С этими словами он вышел. Королева-мать приказала Дюгюасту следовать за ним с теми шестью, которые должны были умертвить маршалов, велев, чтобы он отозвал священника, если он слишком замедлит, и приступил бы к делу, потому что, присовокупила она, «не должно забывать, что я жду». Дюгюаст вышел со своими палачами. Оставшись одна с губернатором, королева-мать начала объяснять ему, что он должен составить протокол о том, что произойдет, а именно, что на следующий день во время осмотра тюрьмы оба маршала были найдены повесившимися, а на столе будет находиться записка на имя короля, в которой сказано, что они сознаются в совершенном ими преступлении и решились на самоубийство, чтобы избежать казни, которой они должны были подвергнуться, если бы дело стало разбираться в суде. При этом она вынула бумагу и, показав ее губернатору, сказала: «Вот эта записка». Посмотрев, губернатор был изумлен. Сходство почерка было поразительное, и бумага была именно такая, какую им давали в Бастилии.
Тогда губернатором был Тестю. Он не решался писать. Заметив это, Екатерина Медичи сказала: «Если вы не в состоянии таким образом редактировать это дело, господин губернатор, то я продиктую вам». Тестю отвечал: «Не это меня затрудняет, но признаюсь, что заверить подобный факт… который не существует…»
Однако Екатерина Медичи сумела так подействовать на него, что он согласился на ее требование, но едва написал он несколько строчек, как вдруг дверь с шумом отворилась и в комнату вошел офицер, измокший от дождя и обрызганный грязью, который бросился к Екатерине Медичи и, сказав ей «от короля» (de lapart du roi), передал письмо. Этот офицер был Сувре, принесший два важных известия: первое, что Дамвиль жив, и второе, что брат короля герцог Алансонский бежал. Екатерина Медичи побледнела, прочитав это письмо. «Дамвиль жив, – воскликнула она, – и знает наши планы, и герцог Алансонский скрылся из Лувра, но как же это случилось?»
Сувре отвечал, что это устроил сеньор Бюсси д’Анбоаз и что, по-видимому, герцог Алансонский счел за личную для себя обиду решение, принятое против маршалов, что он находится в Дрё и издал оттуда прокламацию, в которой объявляет, что соединяется со всеми недовольными, чтобы освободить Францию от правления фаворитов и вместе с Дамвилем отомстить за смерть Ла Моля и маршалов.
«Все погибло! – воскликнула королева-мать, – если ему не помешают привести в исполнение свое намерение». – «Это может сделать только один человек, и король разделяет мое мнение». – «Кто?» – спросила она. «Брат Дамвиля, друг герцога – маршал де Монморанси», – был ответ.
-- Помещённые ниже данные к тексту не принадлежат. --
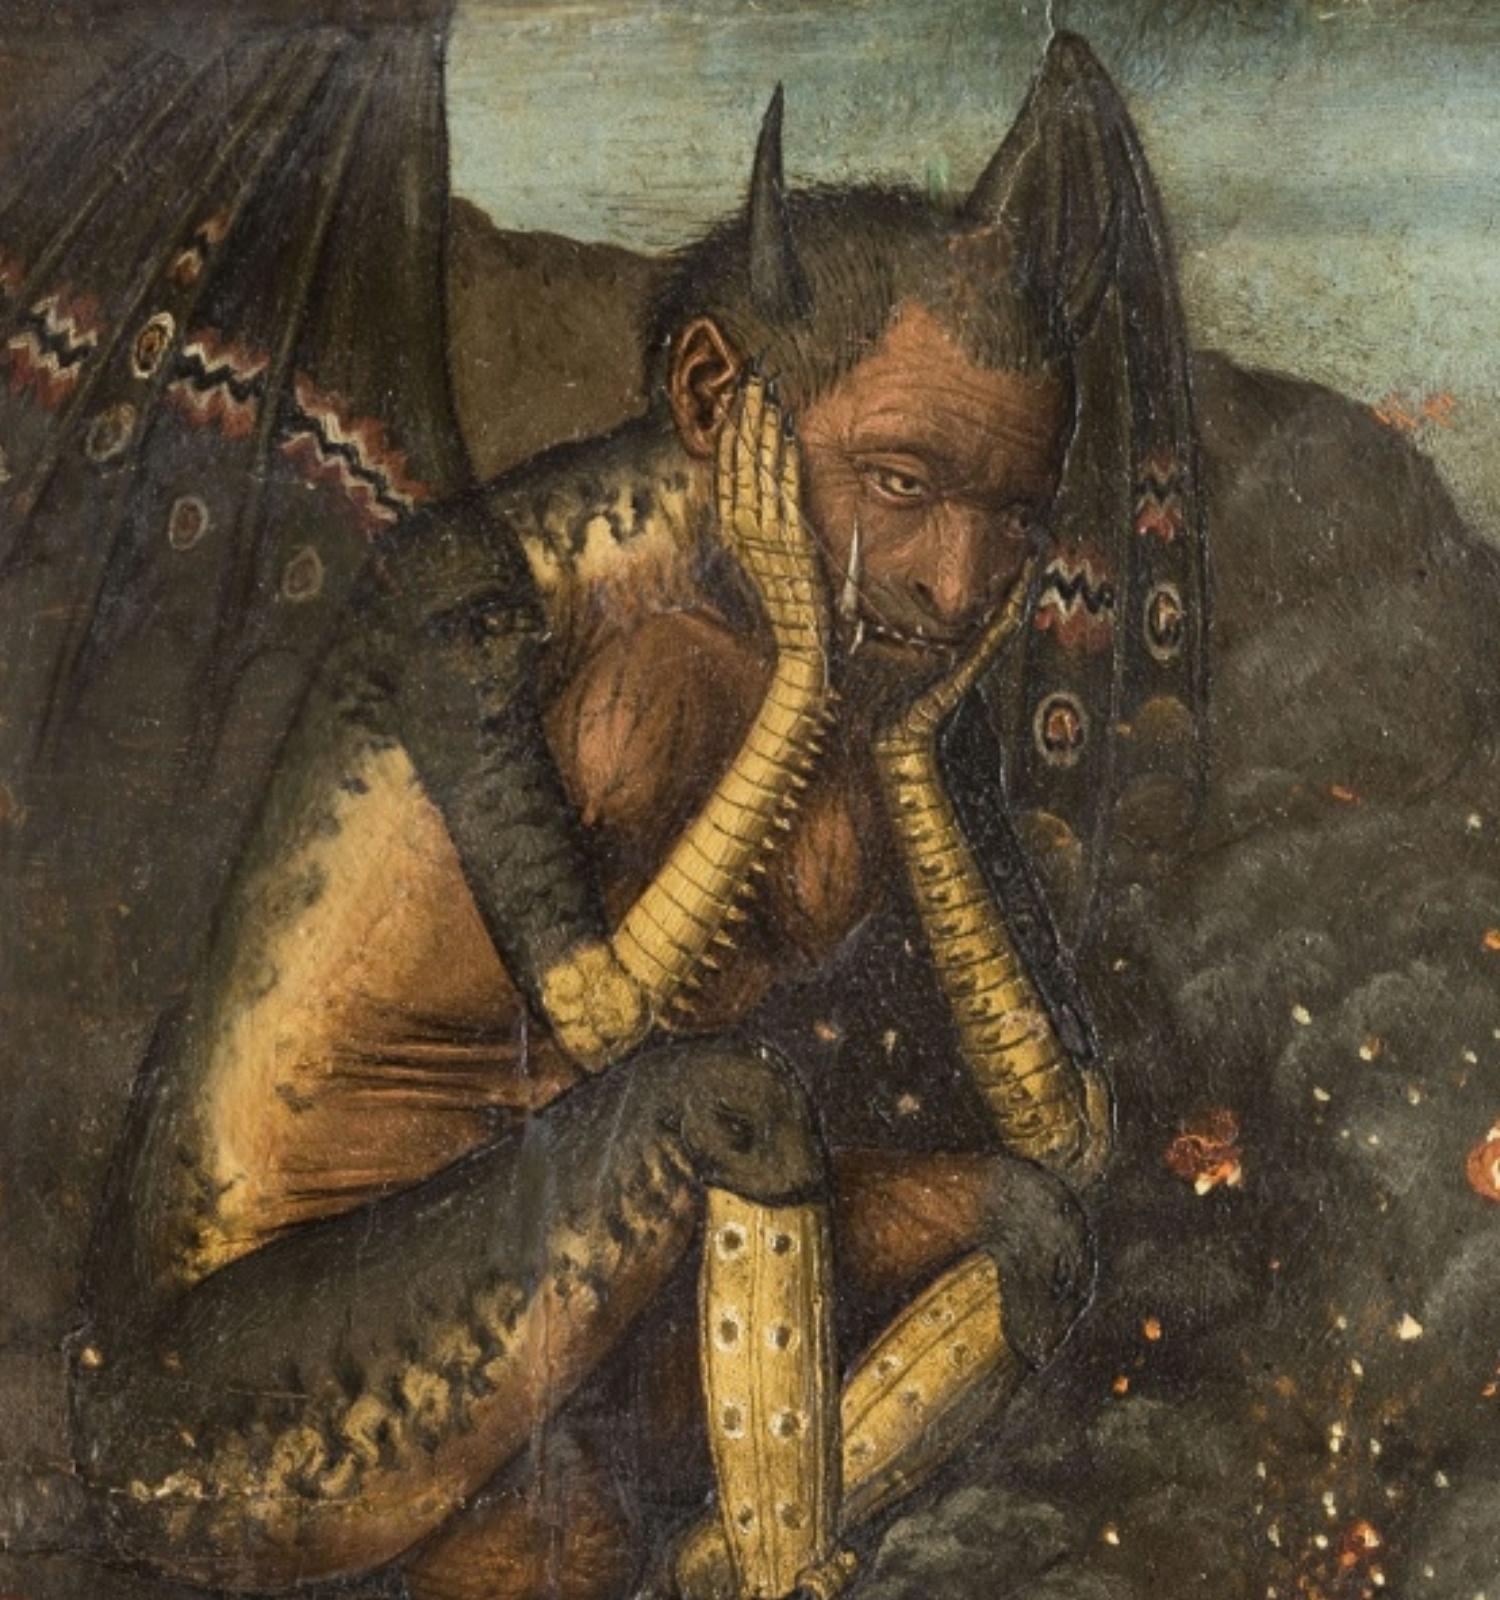 Descenso de Cristo al Limbo (detalle), Bartolomé Bermejo, hacia 1475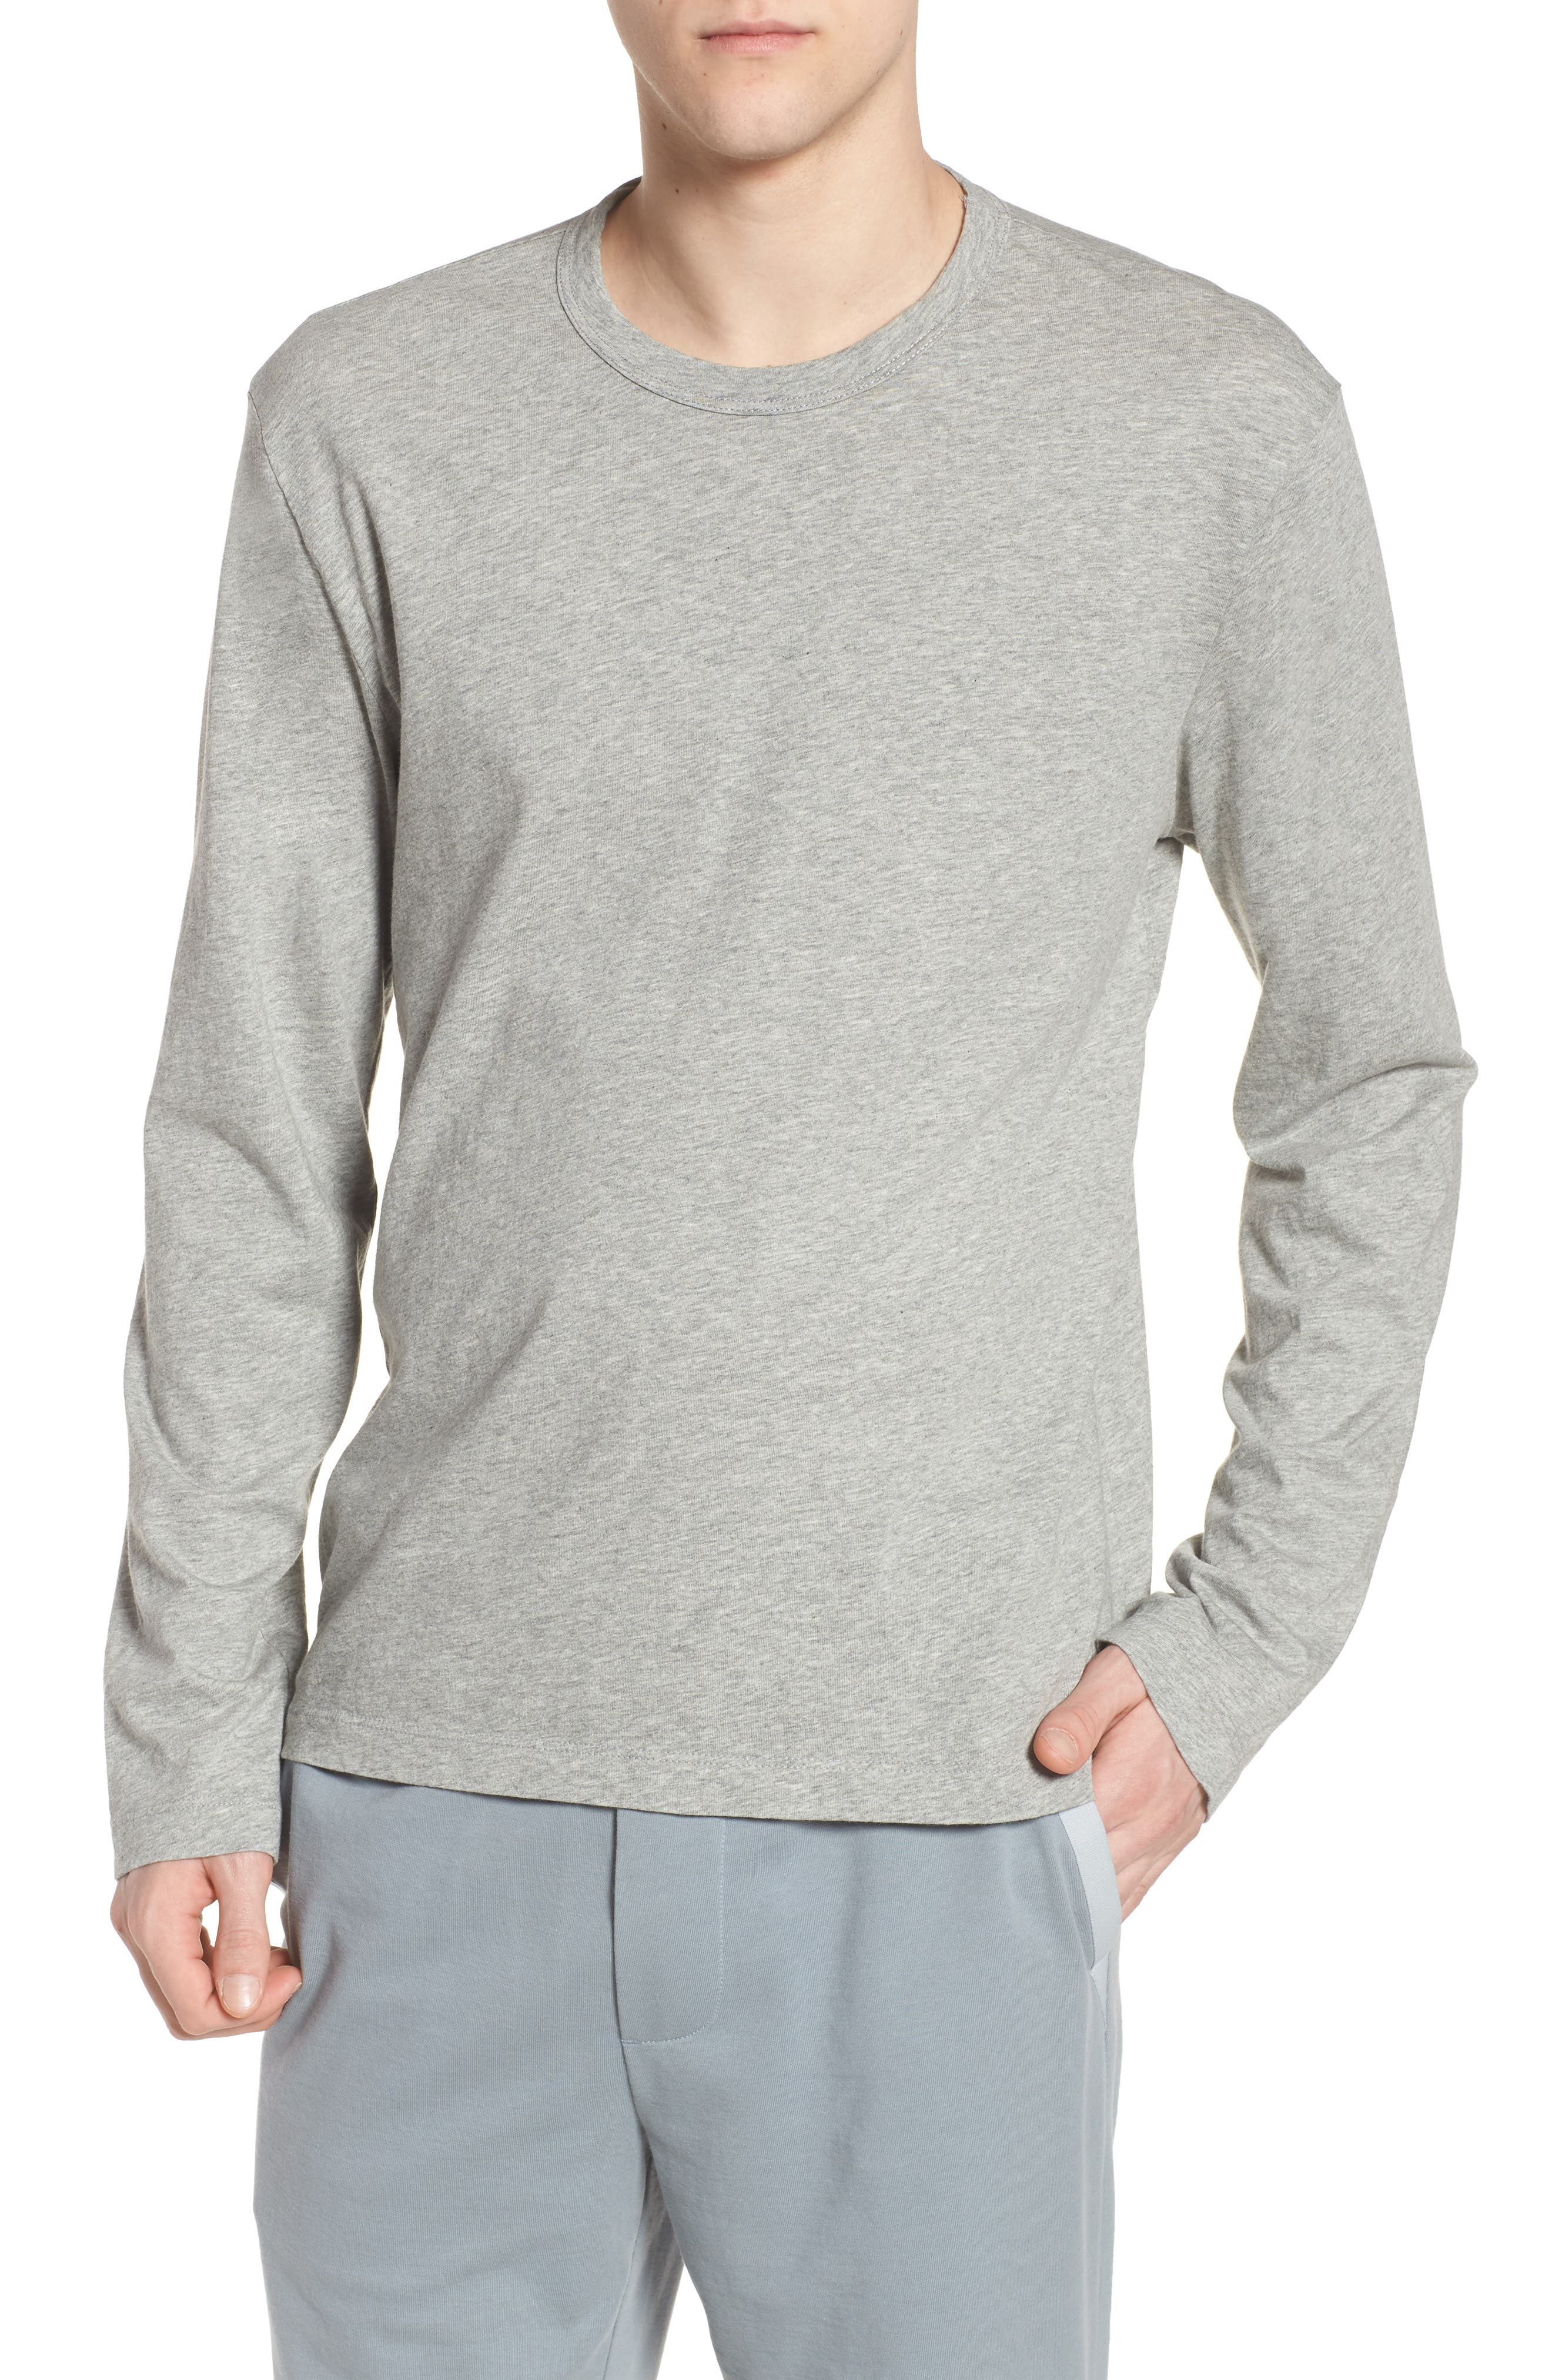 Main Image - James Perse Crewneck Cotton Sweatshirt

Екатерина Медичи согласилась с этим мнением и сказала: «Когда герцог увидит, что маршал помилован, что он на свободе, когда он предложит ему от имени короля и другие уступки, может быть… – Но, не договорив фразы, она воскликнула: – О! Но что же мы здесь делаем? Мы рассуждаем, а в это время приказ короля приводится в исполнение, Дюгюаст и его люди уже… Бежим, бежим, Тестю, ведите нас, руководите нами, лишь бы прибыть вовремя».
Затем она, Сувре и Тестю поспешно направились к тюрьме маршалов. Между тем оба маршала отказались исповедоваться у священника, посланного Екатериной Медичи, и, не сомневаясь в уготованной им участи, решились храбро защищаться. Для этой цели они искали какой-нибудь предмет, чтобы, по крайней мере, дорого продать свою жизнь, а для того, чтобы иметь время отыскать такой предмет, они загородили дверь мебелью. Это и спасло их.
Когда Екатерина Медичи с Сувре и с губернатором прибыли на место, Дюгюаст и его люди старались выломать дверь тюрьмы.
Сувре первый бросился к ним и громовым голосом закричал: «Остановитесь!», но Екатерина Медичи, следовавшая за ним, дала противоположное приказание. «Продолжайте, выломите эту дверь, – сказала она. – Они не отворят, если узнают, что я здесь. Они не поверят, что Екатерина Медичи пришла освободить их». Между тем Монморанси и Коссе, не найдя ничего, что могло бы служить им оружием, и понимая, что в конце концов дверь все-таки будет выломана, решились, по примеру Колиньи, отворить дверь своим убийцам и отодвинуть мебель. Дверь тотчас же отворилась, и при свете факелов маршалы увидели Екатерину Медичи. Она грациозной поступью и с улыбкою на устах приблизилась к ним и сказала: «Полно вам, благородные мои кузены[15]. Вы заставляете меня осаждать вашу тюрьму, когда я пришла сюда, чтобы отворить ее двери и освободить вас, а свобода такая прелестная дама, которой такие любезные кавалеры, как вы, должны бы оказывать более внимания».